Parecen no conocer otro tipo de respuestas que la descalificación velada, el doble sentido brutal y transparente y el ataque sin base.

Esa actitud es producto del desprecio que sienten por los ciudadanos, de la raíz ideológica antidemocrática que los motiva y de la incapacidad para asumir responsabilidades públicas que han demostrado, fuera de su accionismo propagandístico que  deja una estela de vacío luego de pasado el “acto”.
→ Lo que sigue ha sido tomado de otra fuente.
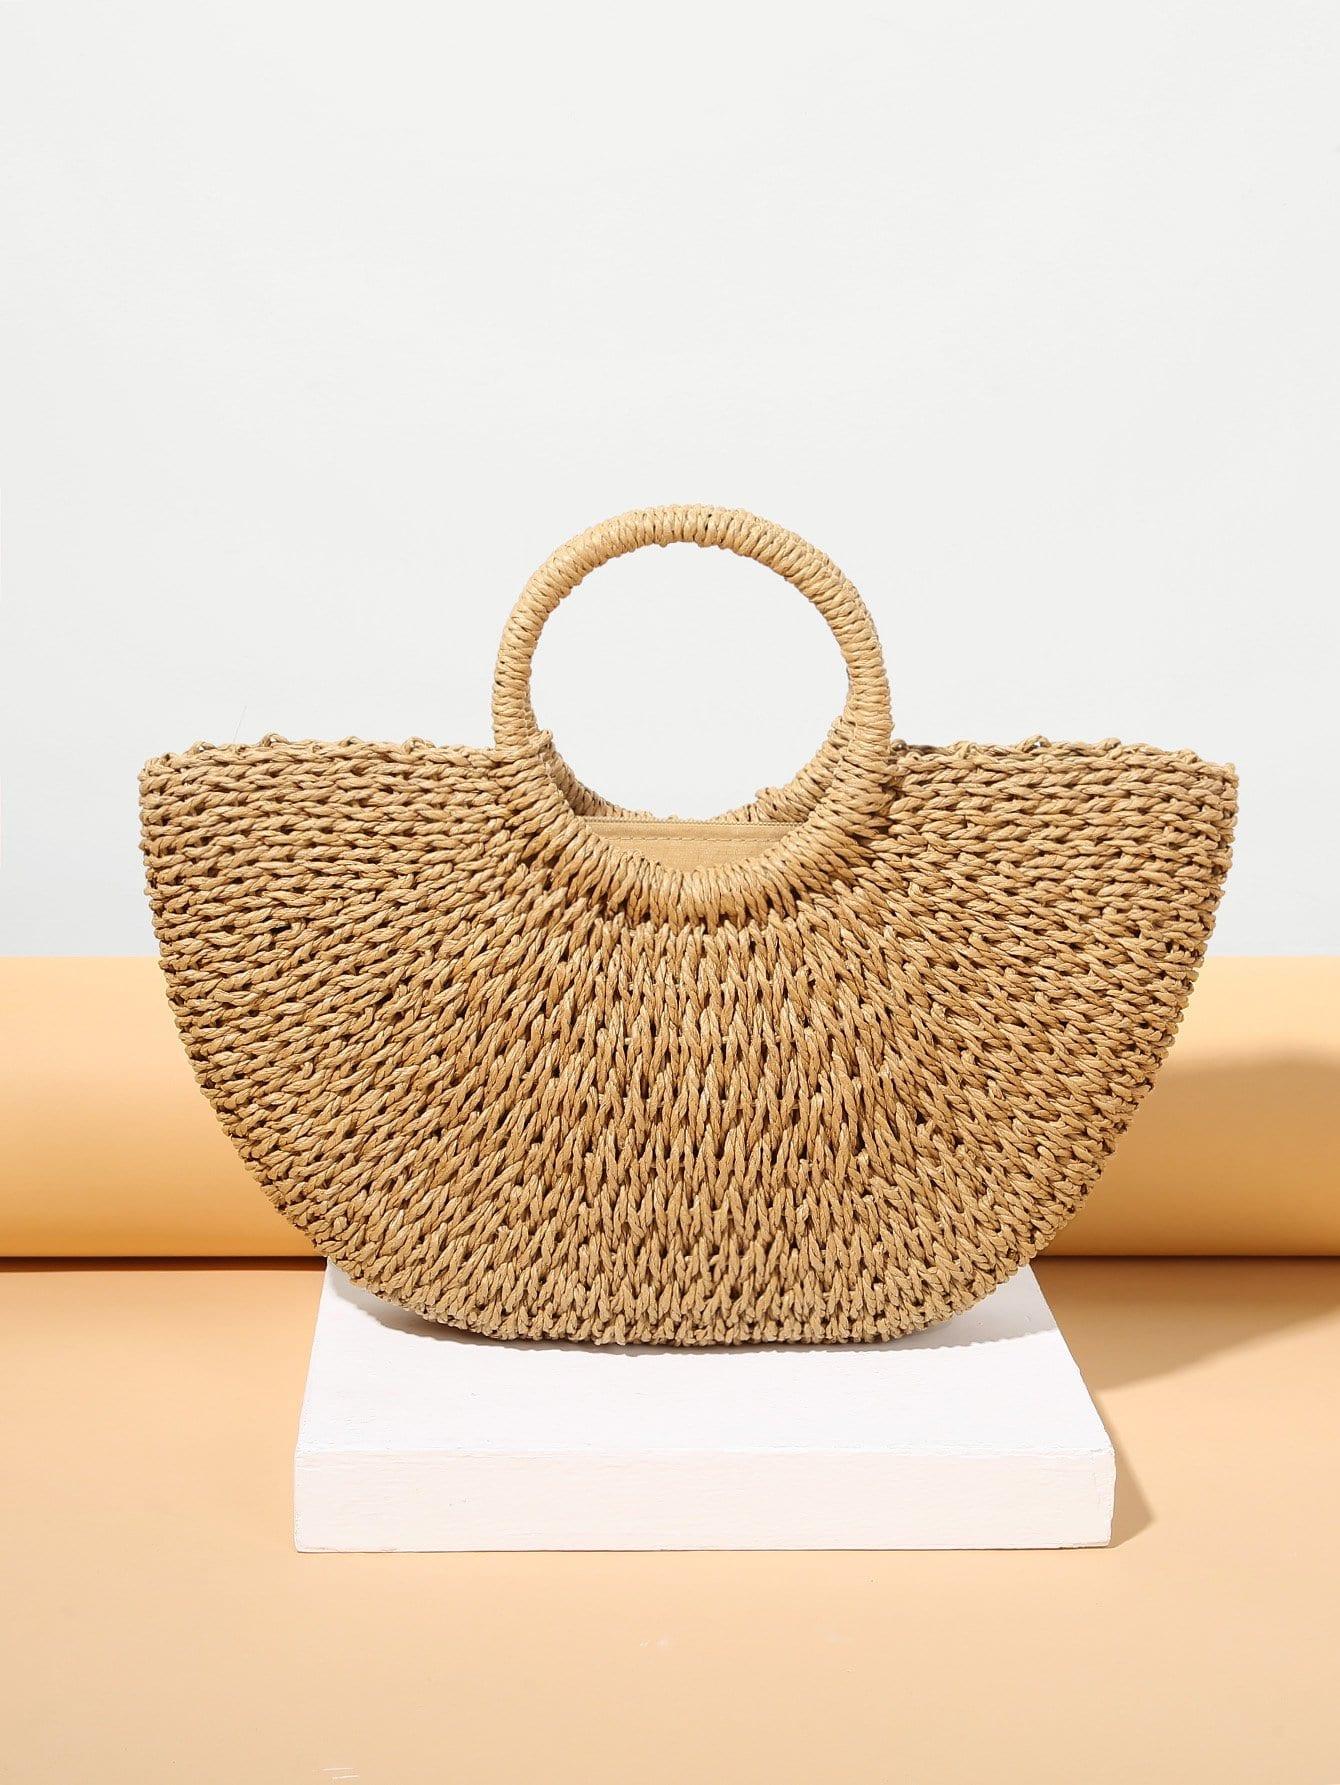 Woven Design Tote Bag woven textile design

No está demás recordar que los personeros de gobierno son derechistas que apoyaron a la dictadura, votaron por el “si” en el plebiscito del 88 y que su actividad política se reduce a defender los privilegios de una minoría enriquecida al alero de la dictadura como lo demostraron conduciendo por medio de un “derecho a veto” ilegítimo a los gobiernos de la Concertación, los que se cuidaron de seguir obedientemente lo que exigía la derecha que hoy gobierna y que no fue otra cosa que la defensa táctica y estratégica del modelo impuesto por la dictadura, labor que hoy siguen haciendo desde La  Moneda con el agravante que están empeñados en hacer “cambios” que no son otra cosa que profundizar el enajenamiento de Chile, la apropiación privada de la poca riqueza pública que aun existe, para aumentar la tasa de acumulación de riqueza en pocas manos que los beneficia.

Si no hay una respuesta ahora, el pueblo hablará en las elecciones, las municipales de 2012 y las presidenciales de 2014 aunque parezcan seguros de que lograrán seguir engañando a millones, la historia siempre da mas de una sorpresa.